Some classes of tests, such as integration tests, functional/acceptance tests and performance tests require testing against proper integration environments in order to validate system features. In practice, those environments have a combination of the following characteristics:

• They are unstable: their uptime is not guaranteed, or they may suffer with performance or behavior variances that can cause random timeouts and inconsistent responses
• They are slow: their response time is not fast enough to accommodate the demand required by automated testing; build scalability may demand more processing power than what integration servers provide
• They are not always available: they may not be running all the time, as the resource required to provide their services are too expensive or only available during specific times
• Their data is changing frequently: for any number of reasons the data required for testing may be changing due to external interactions and the cost of avoiding that may be prohibitive
• They may not even exist as teams may be working concurrently to build a solution that will be integrated at a later stage

In those cases, continuous integration can be seriously impaired. As tests would be frequently broken and their ability to pass won’t be completely dependent on the changes performed to the system, chasing problems may be difficult.

To mitigate the problem those types of environments pose to testing, a stability reference is required to allow for:

• Quick and scalable local builds
• Creating a reference for the data tests expect from the integration environment
• Proving the system works with reference data
• Pinpointing quickly what are the causes of failure for broken tests in the in the integration environment

The stability reference environment requires an extra stage for the build pipeline, which is completely standalone as it doesn’t depend on any external environment.

The stability reference

The following implementation approaches can be used to allow for integration and function testing outside the actual integration enviroment:

• Using test doubles, which implement the same programmatic interfaces as actual components in the system, but do not talk with external integration points.
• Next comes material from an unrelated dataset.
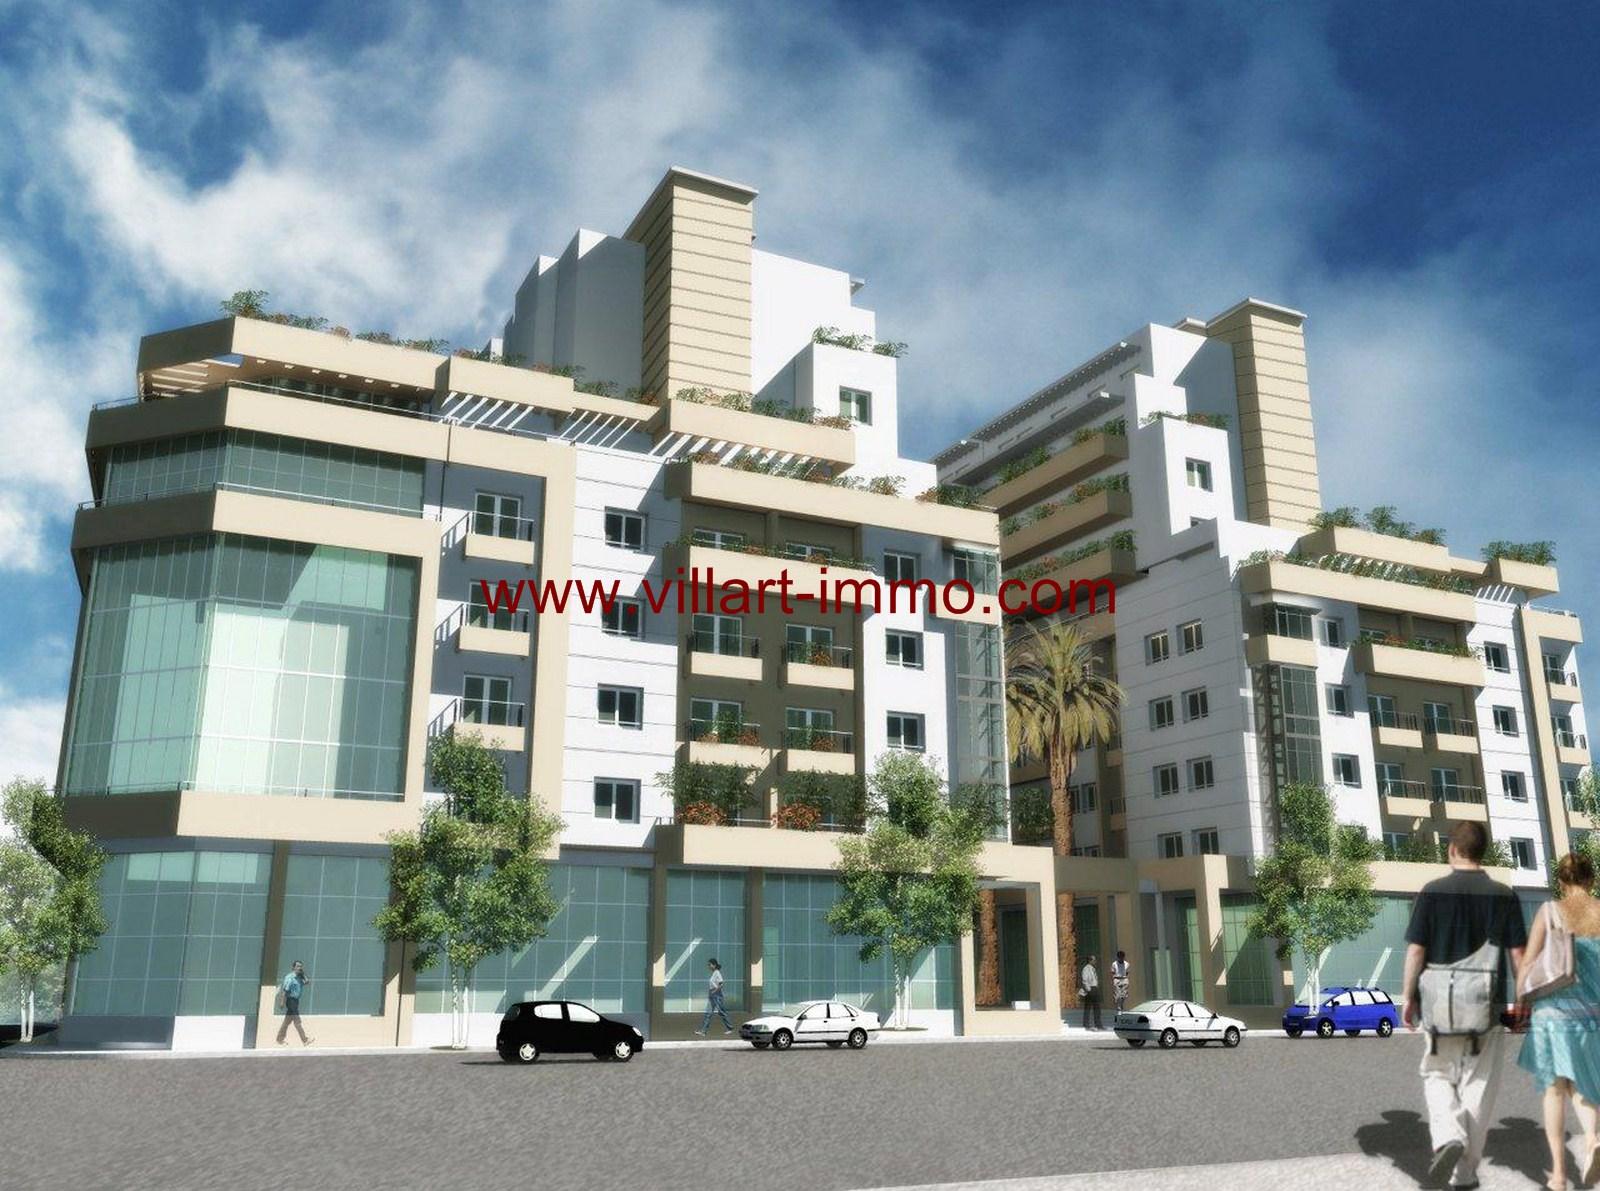 1-Vente-Appartement-Tanger-Centre-ville-SHAZ-Villart Immo

For example, a DAO may be reimplemented to provide static data and never talk with a real database
• Using servers that provide the same data, behavior and protocols as the actual servers in the integration environment. These servers may or may not be testing Fakes, as they may be suitable for production (eg. local deployments of the same servers used in the actual integration environment)

Test doubles require the creation of artifacts which contain embedded test code. This is not desirable, as it adds complexity to the build process and move the build pipeline away from a single-artifact discipline. Also, by not exercising the stack required to interact with external systems, test doubles add very limited value for integration and functional testing.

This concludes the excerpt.